On 4 Jun 2011 at 21:35, Kaya Saman wrote:

Subject:	Re: Strange system lockups - kernel saying disk error

> [...] 
>     Hmmm Hard drives do not like heat!   Check the PSU voltages with a
>     meter, for accuracy and ripple.  Failing SMPS's can do all sorts
>     of odd things.
>     Capacitor problems.  Been there done that.  They can be changed
>     for very low cost, other than your time.
>     DaveB
>     You might guess by know, I know far more about hardware than I do
>     about software, but for the latter to run well, the former must be
>     good.
>     _______________________________________________
>     freebsd-questions at freebsd.org mailing list
>     http://lists.freebsd.org/mailman/listinfo/freebsd-questions
>     To unsubscribe, send any mail to
>     "freebsd-questions-unsubscribe at freebsd.org"

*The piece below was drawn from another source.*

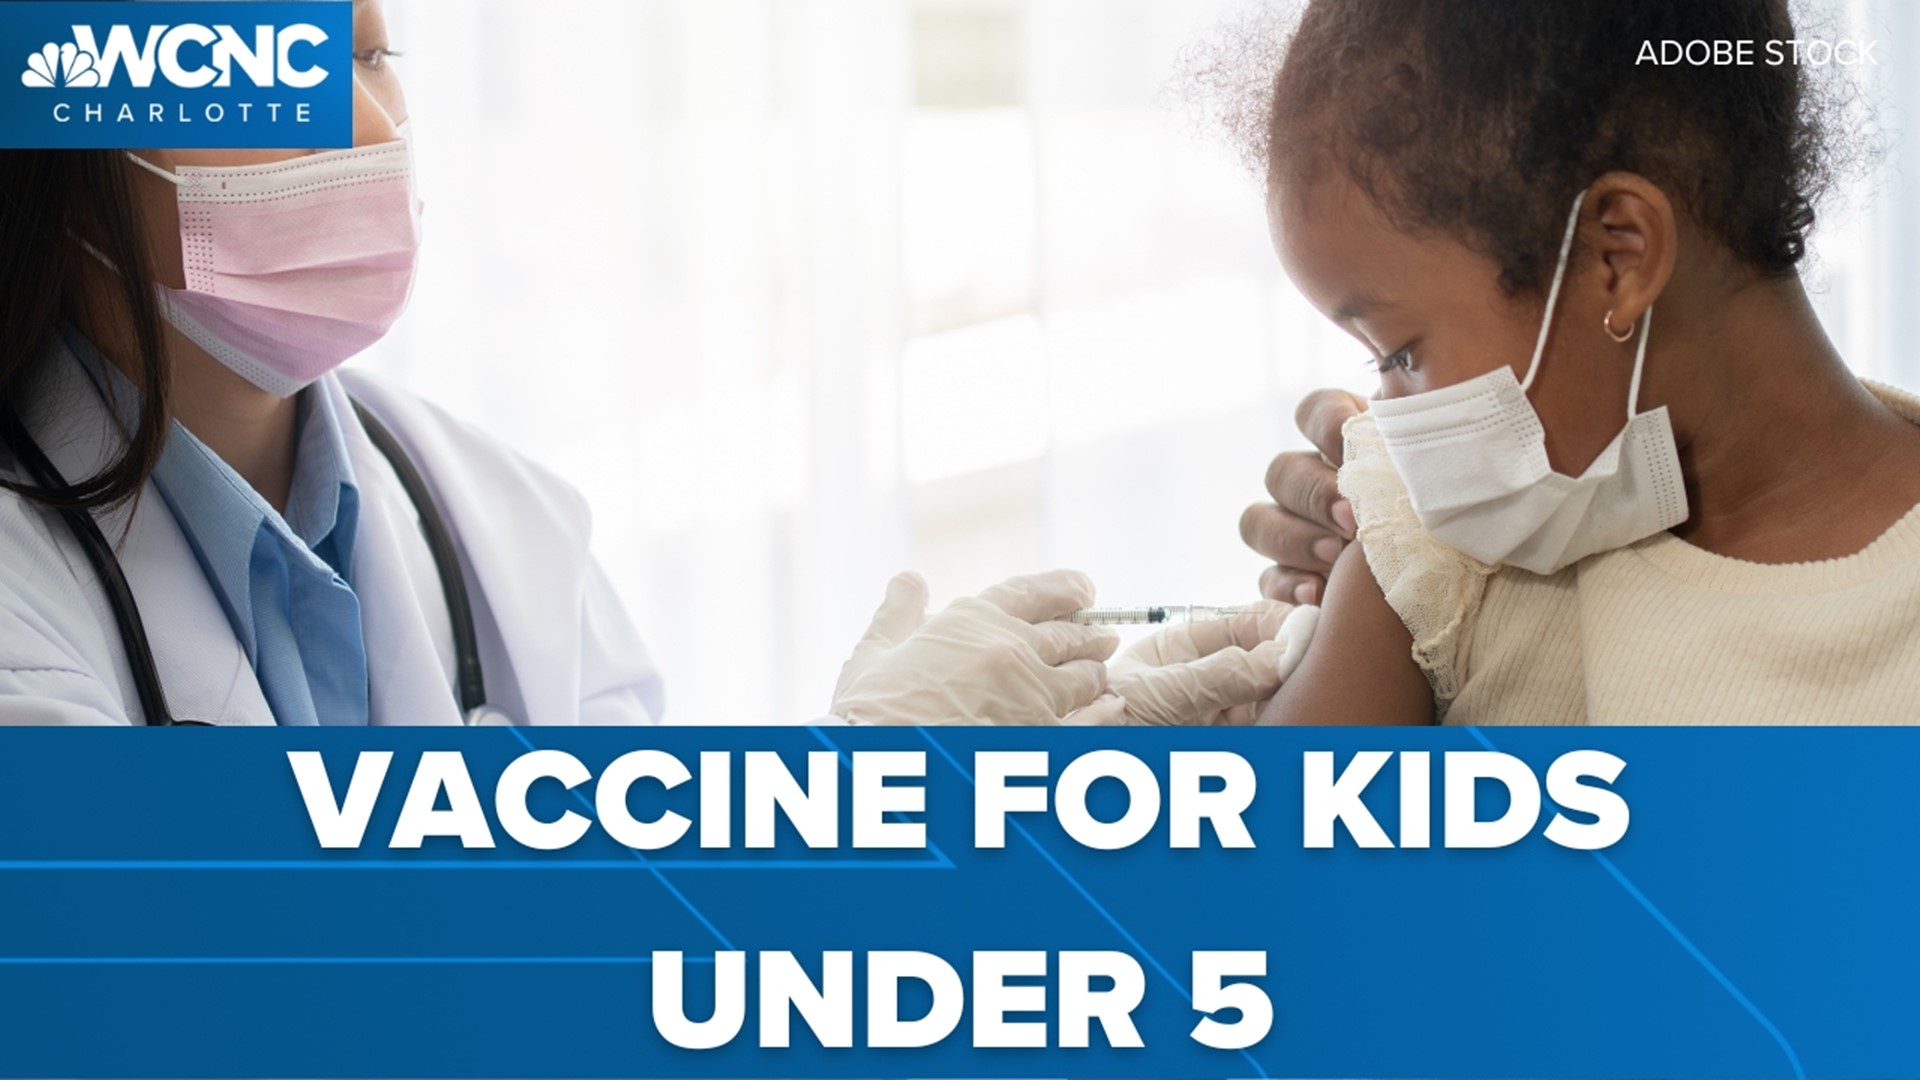 This week the FDA and CDC will consider whether to authorize and recommend the first COVID-19 vaccines for kids under the age of five.

> Many thanks Dave for all the suggestions!!!
> To be honest I think the drives are fine but the system is just soooo
> old including the IDE drives.
> I mean if I get a SATA/IDE USB adapter I should be able to backup the
> drives to the new DAS system I will have in place shortly since I am
> much more in favor of running Nexenta Core 3 OS with ZFS spanning the
> 16x drives meaning a total of 36TB with 2 internal drives used for
> logging and caching.
> Then this system will be obsolete. However, I will keep your
> suggestion of using spinwrite in mind next time I encounter issues!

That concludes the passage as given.